I always find particularly dramatic when I finish a book on a trip, and in this specific case was more noteworthy for a couple of reasons. First: I read the last sentence in the very moment I landed in Bilbao which was the destination of my flight and the beginning of my trip to Spain. Second: I started reading it during my last visit to my family in Italy. Third: while I was on the flight from Hamburg, I read about arriving in Hamburg. The passage is the following (translated by me, since I read the book in its original version, in Italian):

“Hamburg is a harbour. Everyone knows it, everyone repeats it; but I had never really understood that until, like an hanseatic coming back after months at sea, I saw the roof of Cuxhafen lying on the horizon, then the small houses of the captains and the white manors of the rich merchants standing up above the majestic trees in Blankenese, and finally the copper-green bell towers of the city I was longing for. I had been to Hamburg dozens of times, but I needed a fortune teller from Hong Kong to make me feel its true soul.”
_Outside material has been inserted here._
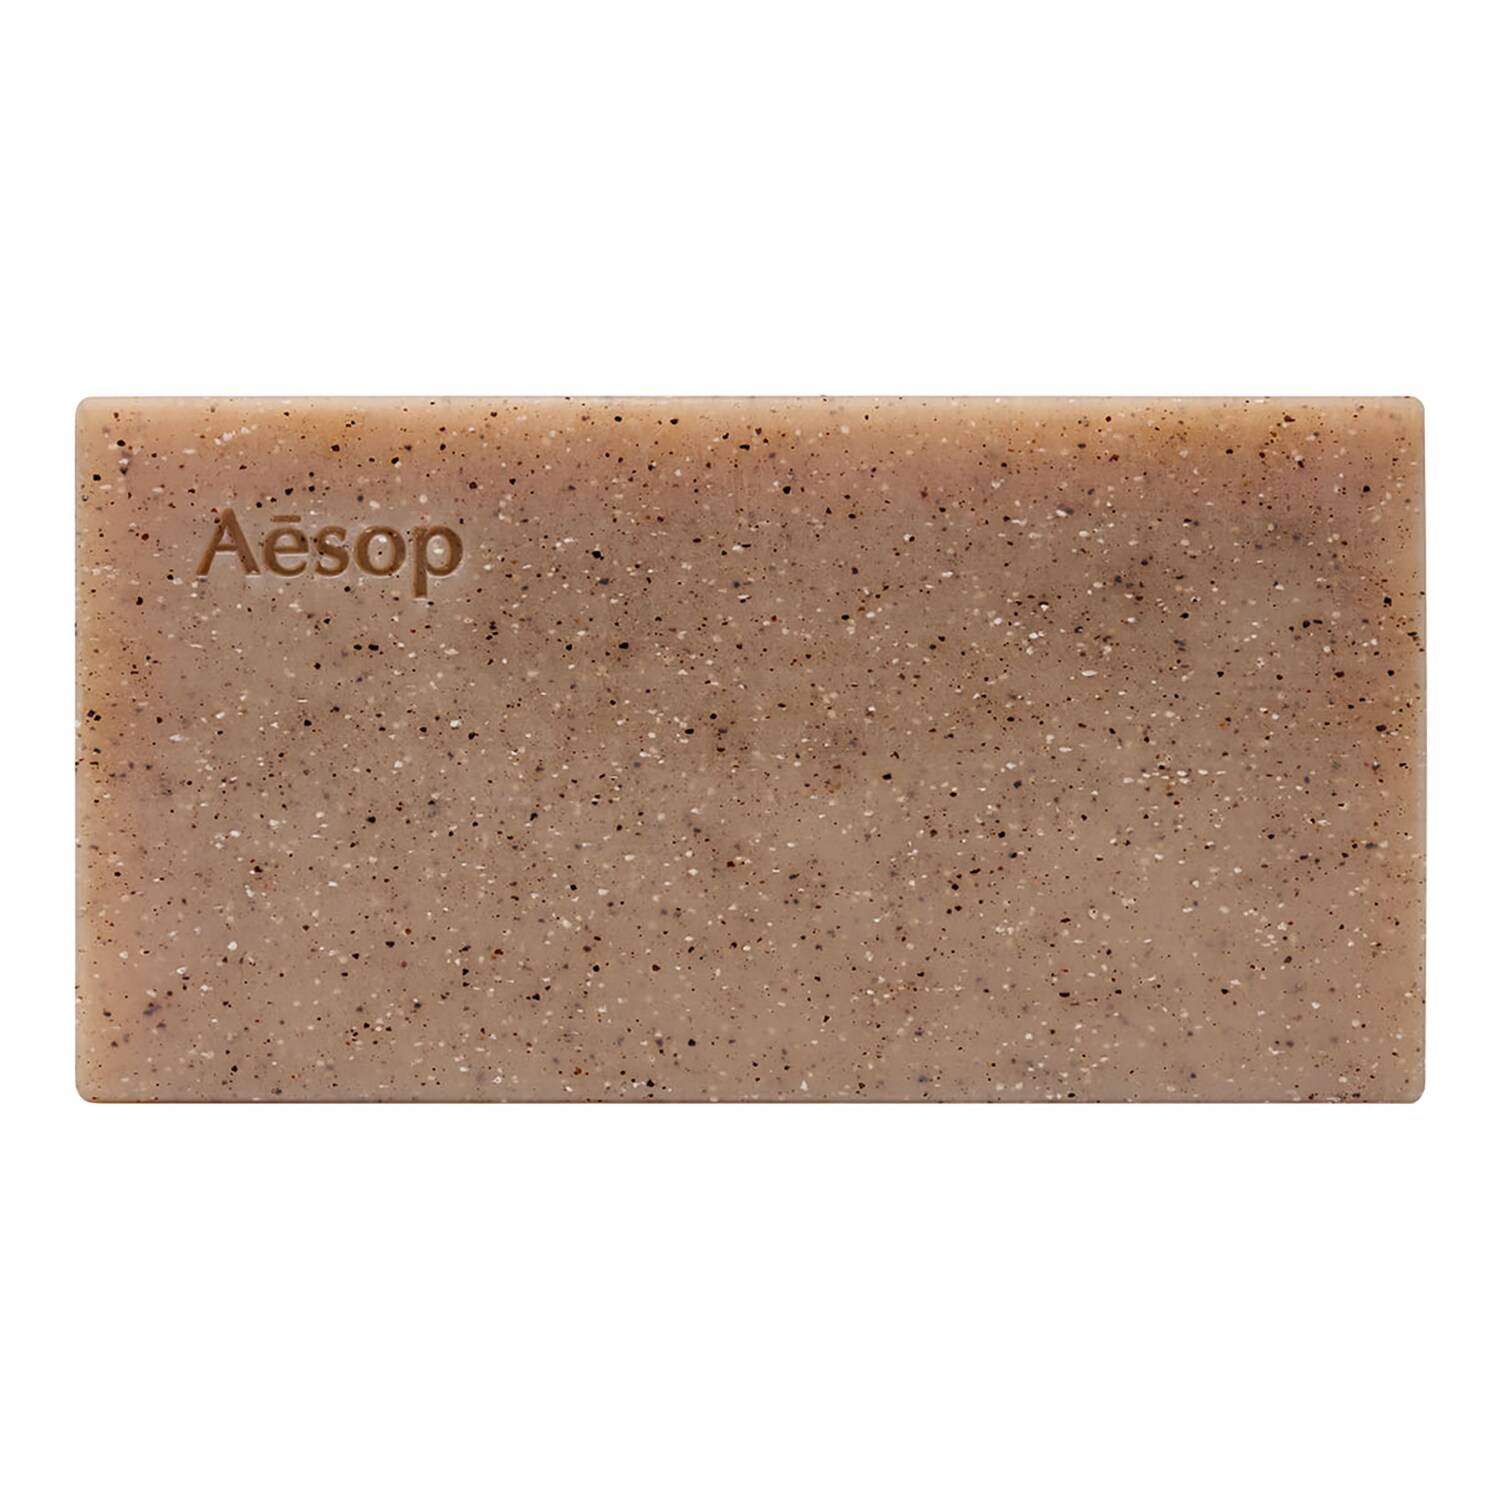 Aesop Polish Bar Soap 150G
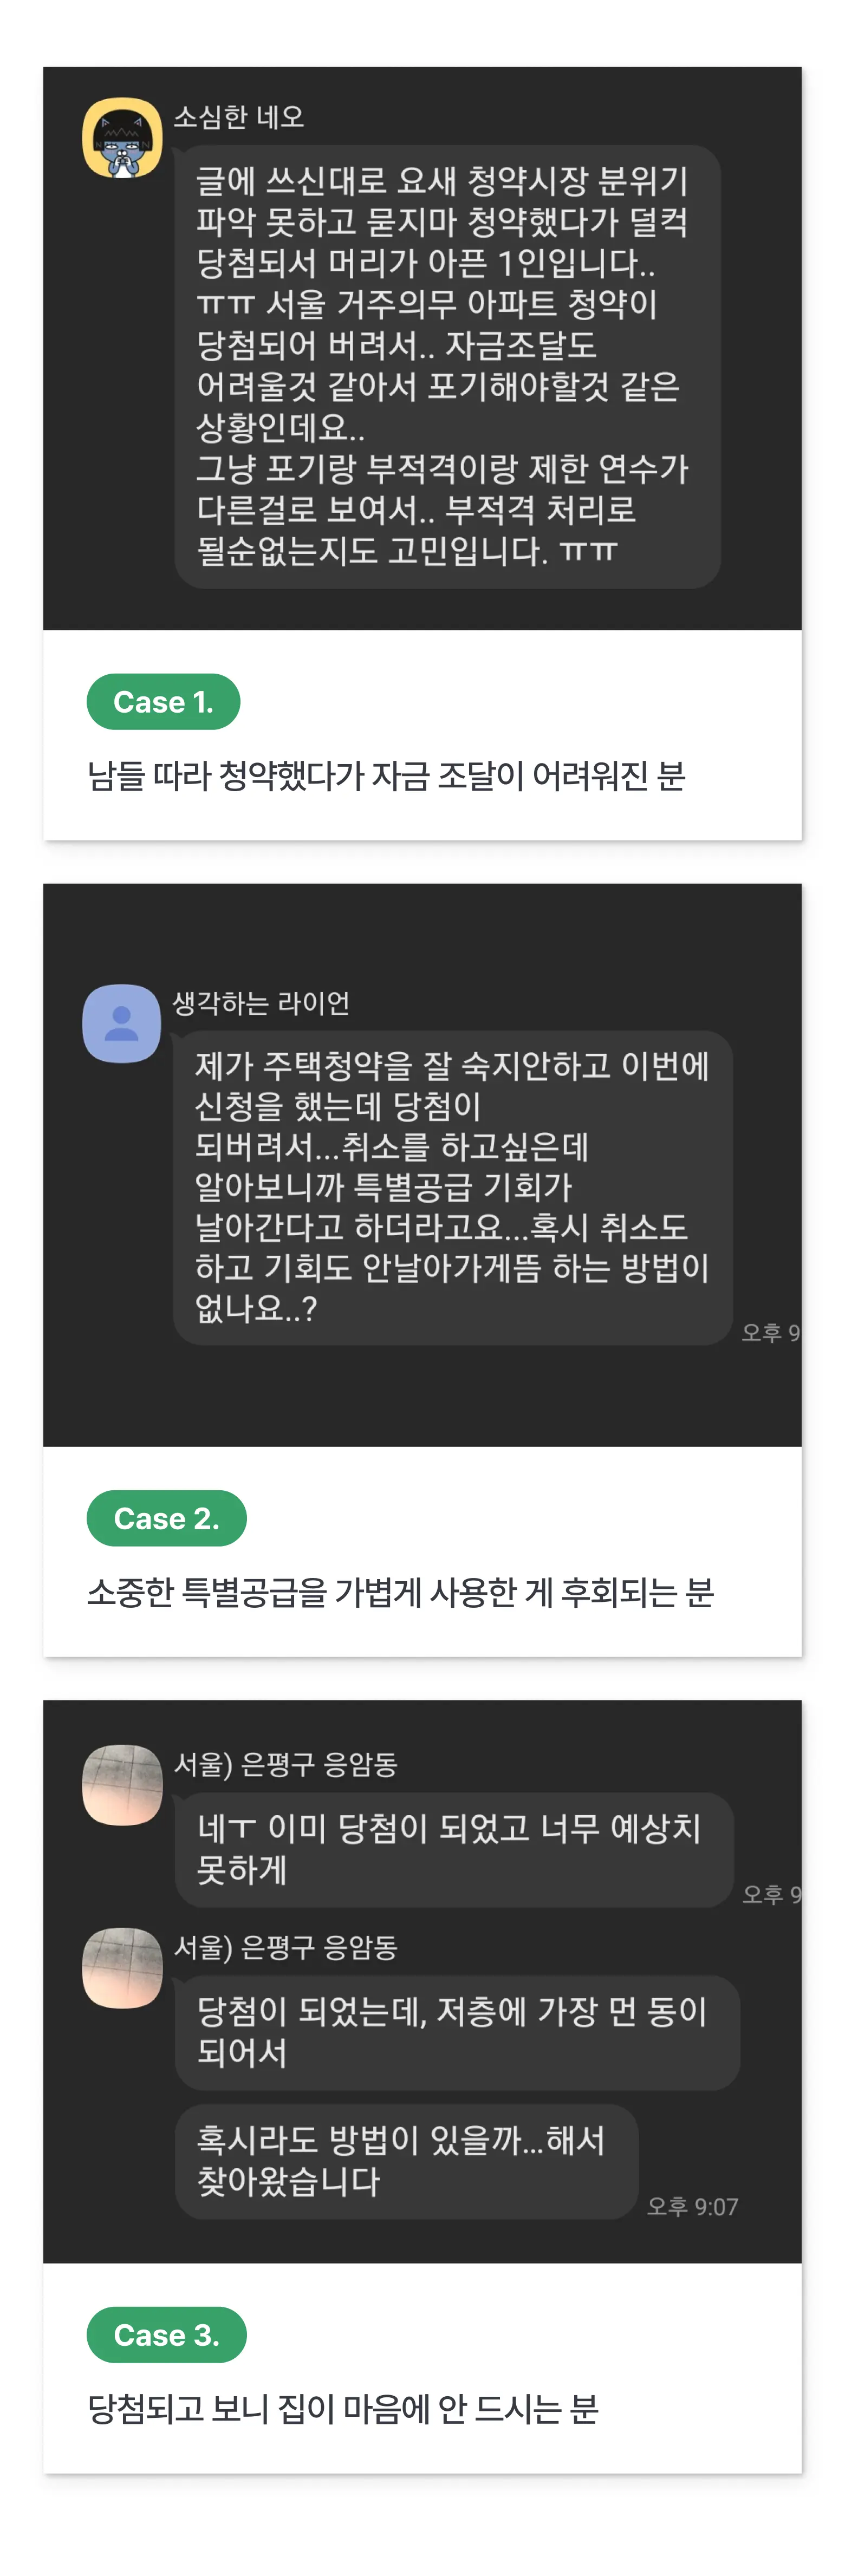 [ 23년 12월 사전청약 에디션 ] - 한국분양정보

In fact, the book is the travel diary of the author for the year 1993, when, according to the aforementioned fortune teller, he would have died in a flight accident. Out of dare and curiosity, rather than out of superstition, Terzani decided to follow that advice and travel only by land and sea across Europe and Asia, and visiting plenty more fortune tellers on the way. The result is a long series of reflexions about the world that is changing and how the change relates with traditions and spirituality, and an endless praise of slowness and individuality. It’s a personal report and besides the author itself and his genuine and direct way of writing, doesn’t have much to share with the collection of news articles that is In Asia. It’s a very good book, but so far I prefer the journalist to the philosopher.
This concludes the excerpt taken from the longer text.